— REQUIRED ACTION —
Give back the whole listing verbatim, printing none of its pictures.

— SOURCE MATERIAL —
────
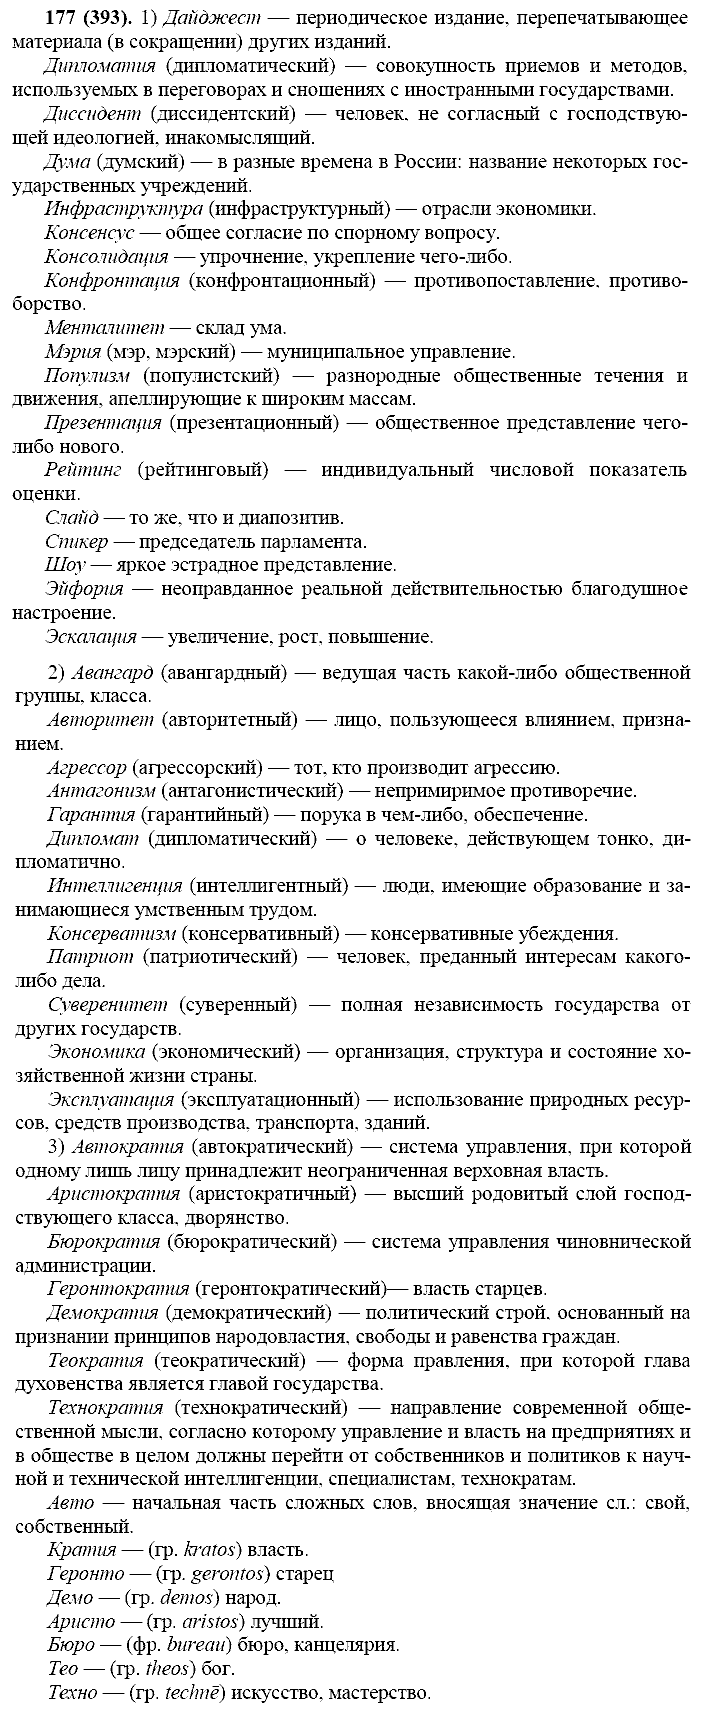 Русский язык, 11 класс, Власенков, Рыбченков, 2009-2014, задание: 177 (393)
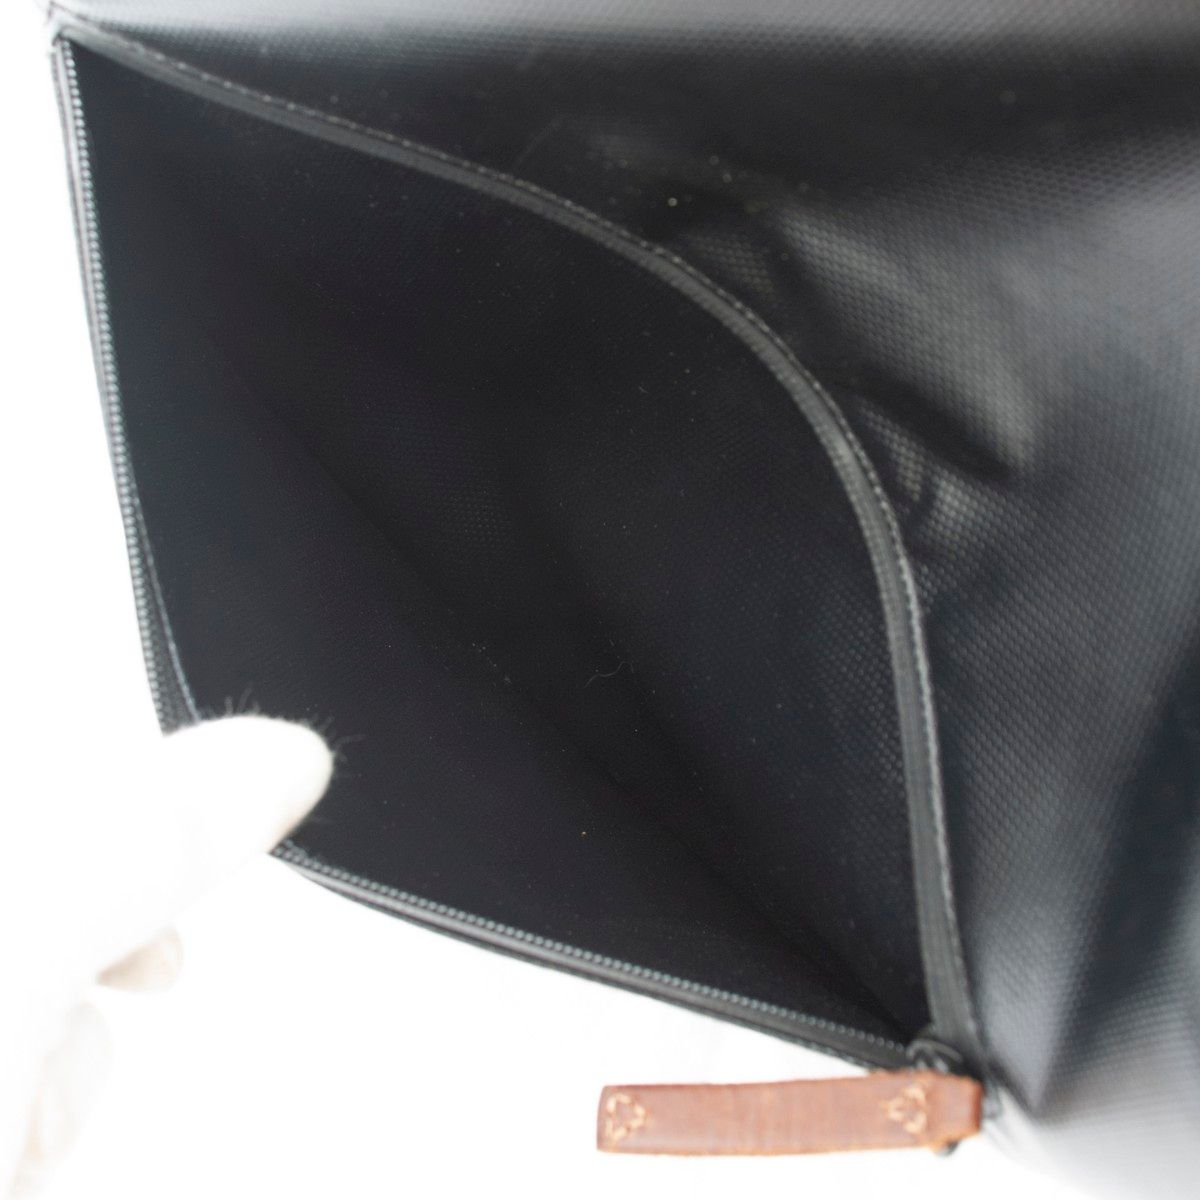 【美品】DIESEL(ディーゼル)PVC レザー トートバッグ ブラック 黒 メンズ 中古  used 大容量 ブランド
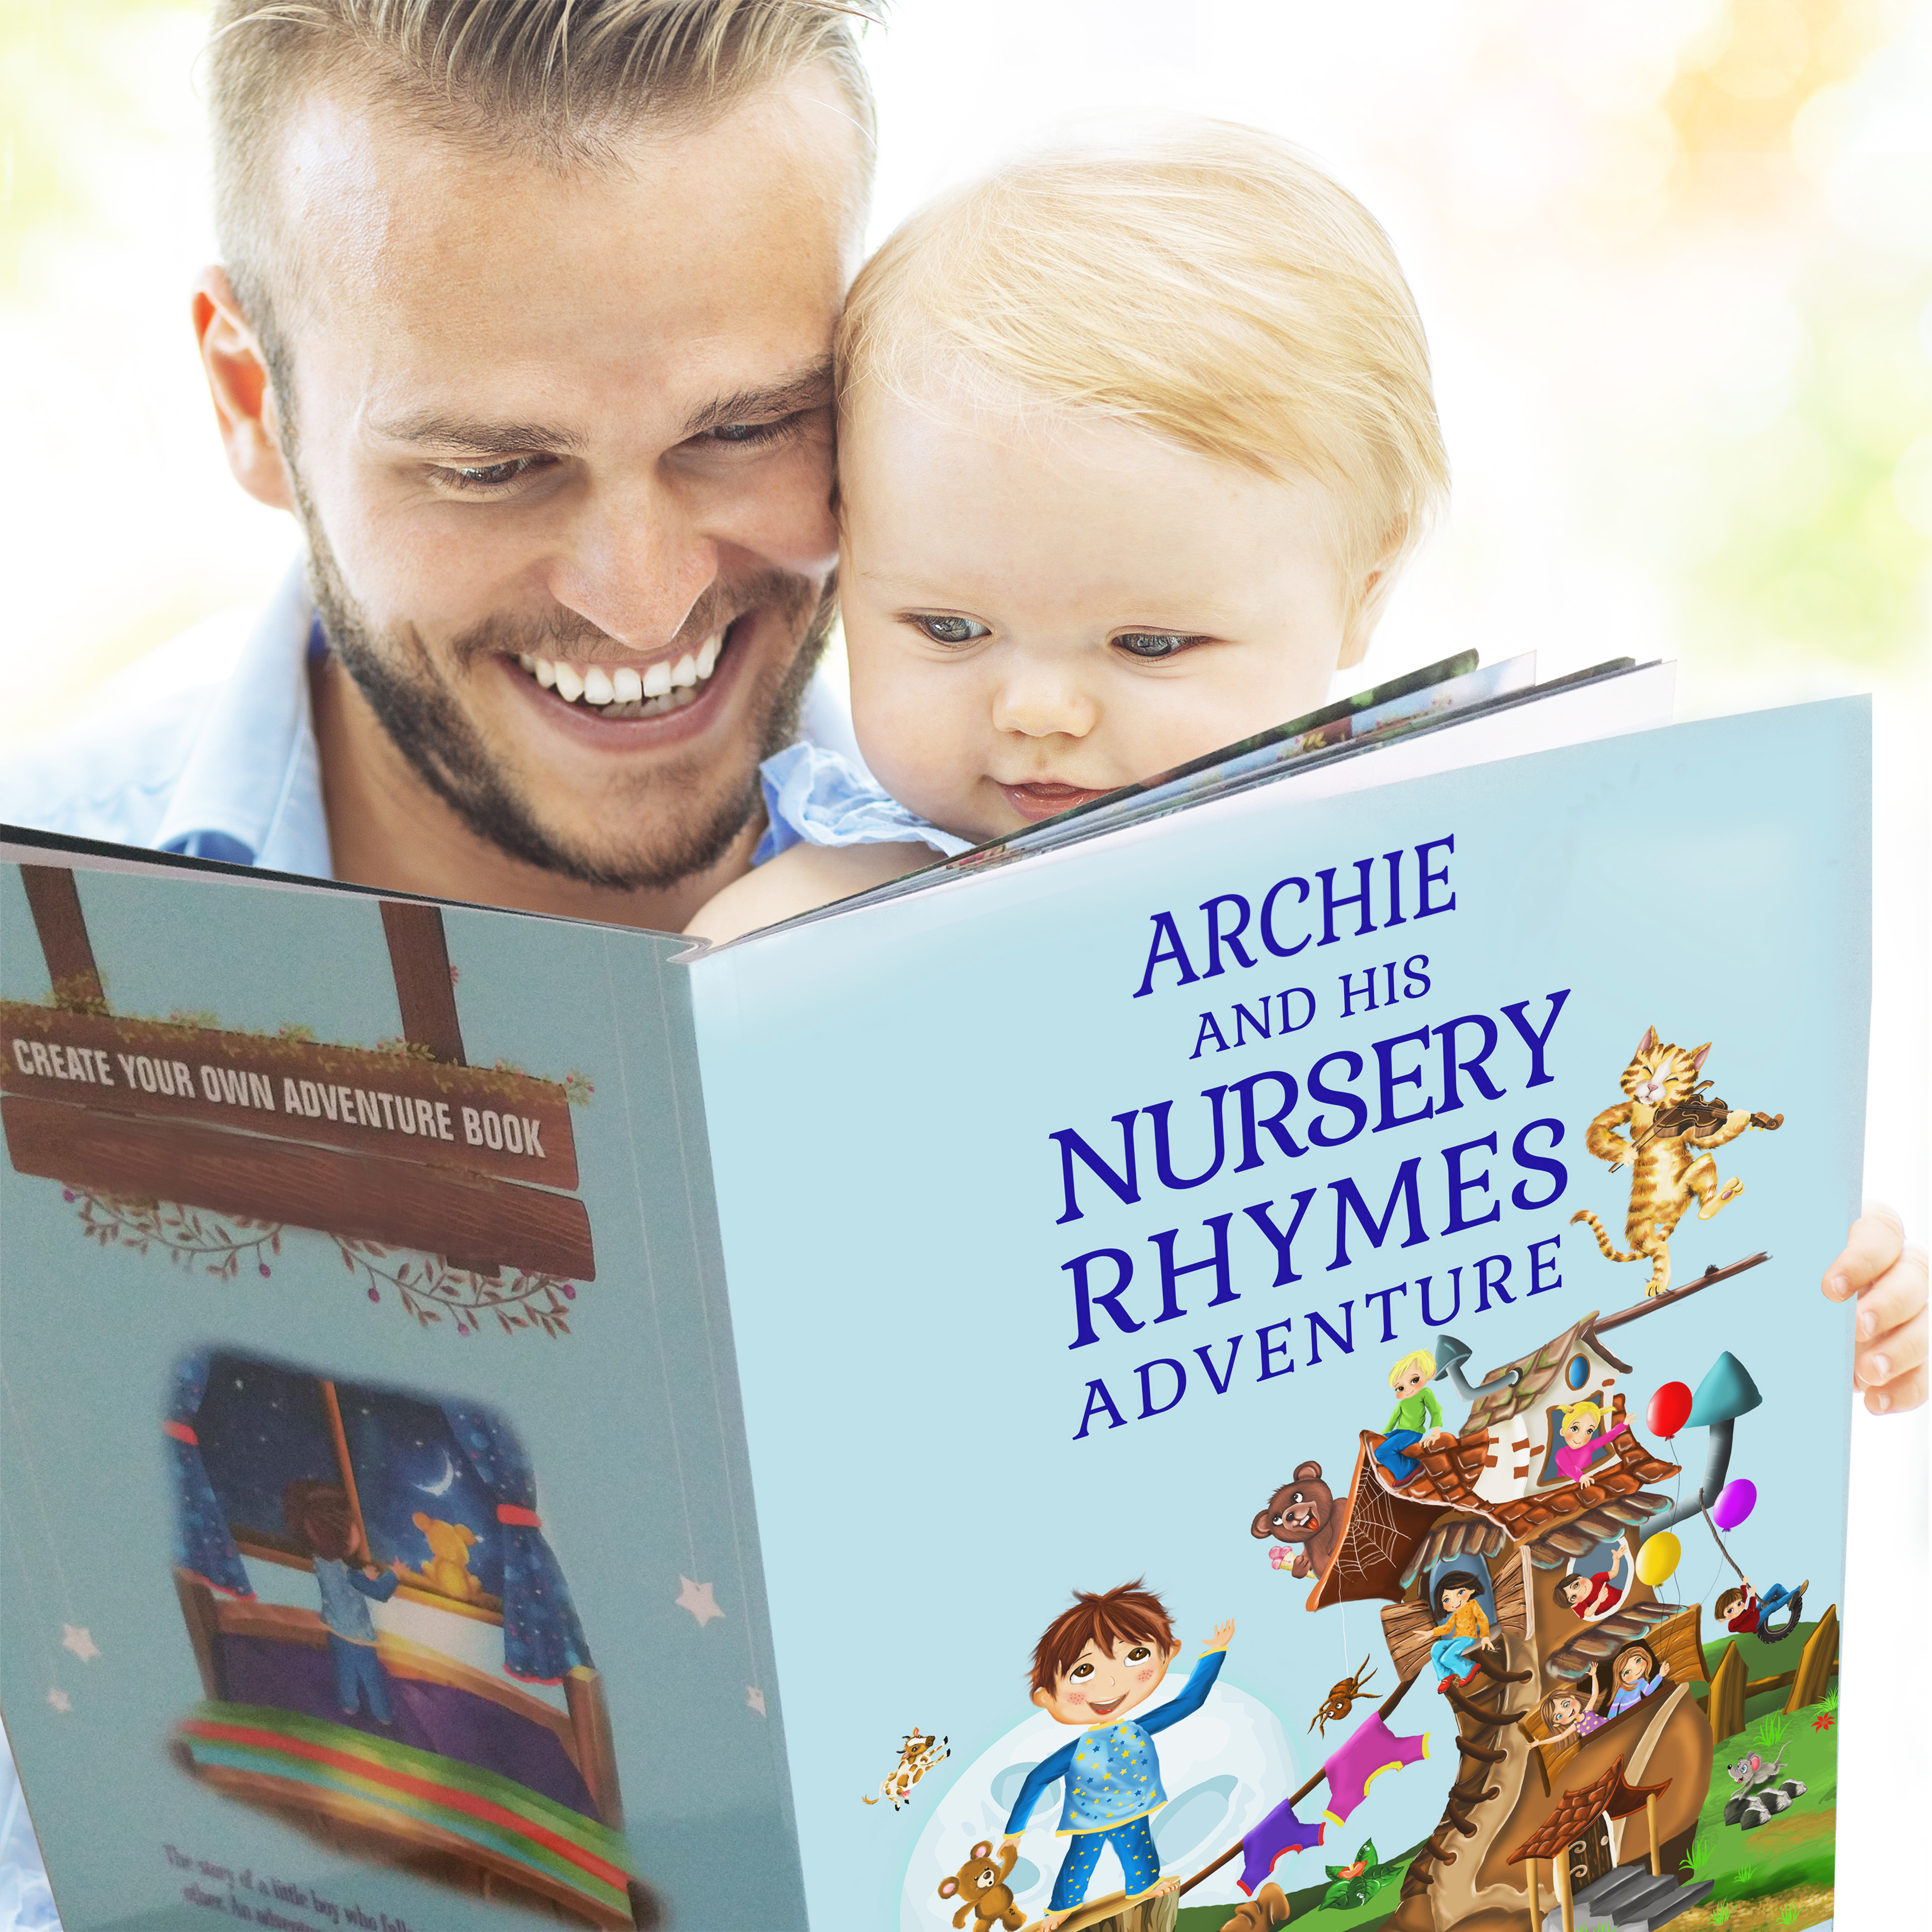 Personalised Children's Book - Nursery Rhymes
────
— EXPECTED ANSWER —
 Русский язык, 11 класс, Власенков, Рыбченков, 2009-2014, задание: 177 (393)
 【美品】DIESEL(ディーゼル)PVC レザー トートバッグ ブラック 黒 メンズ 中古  used 大容量 ブランド
 Personalised Children's Book - Nursery Rhymes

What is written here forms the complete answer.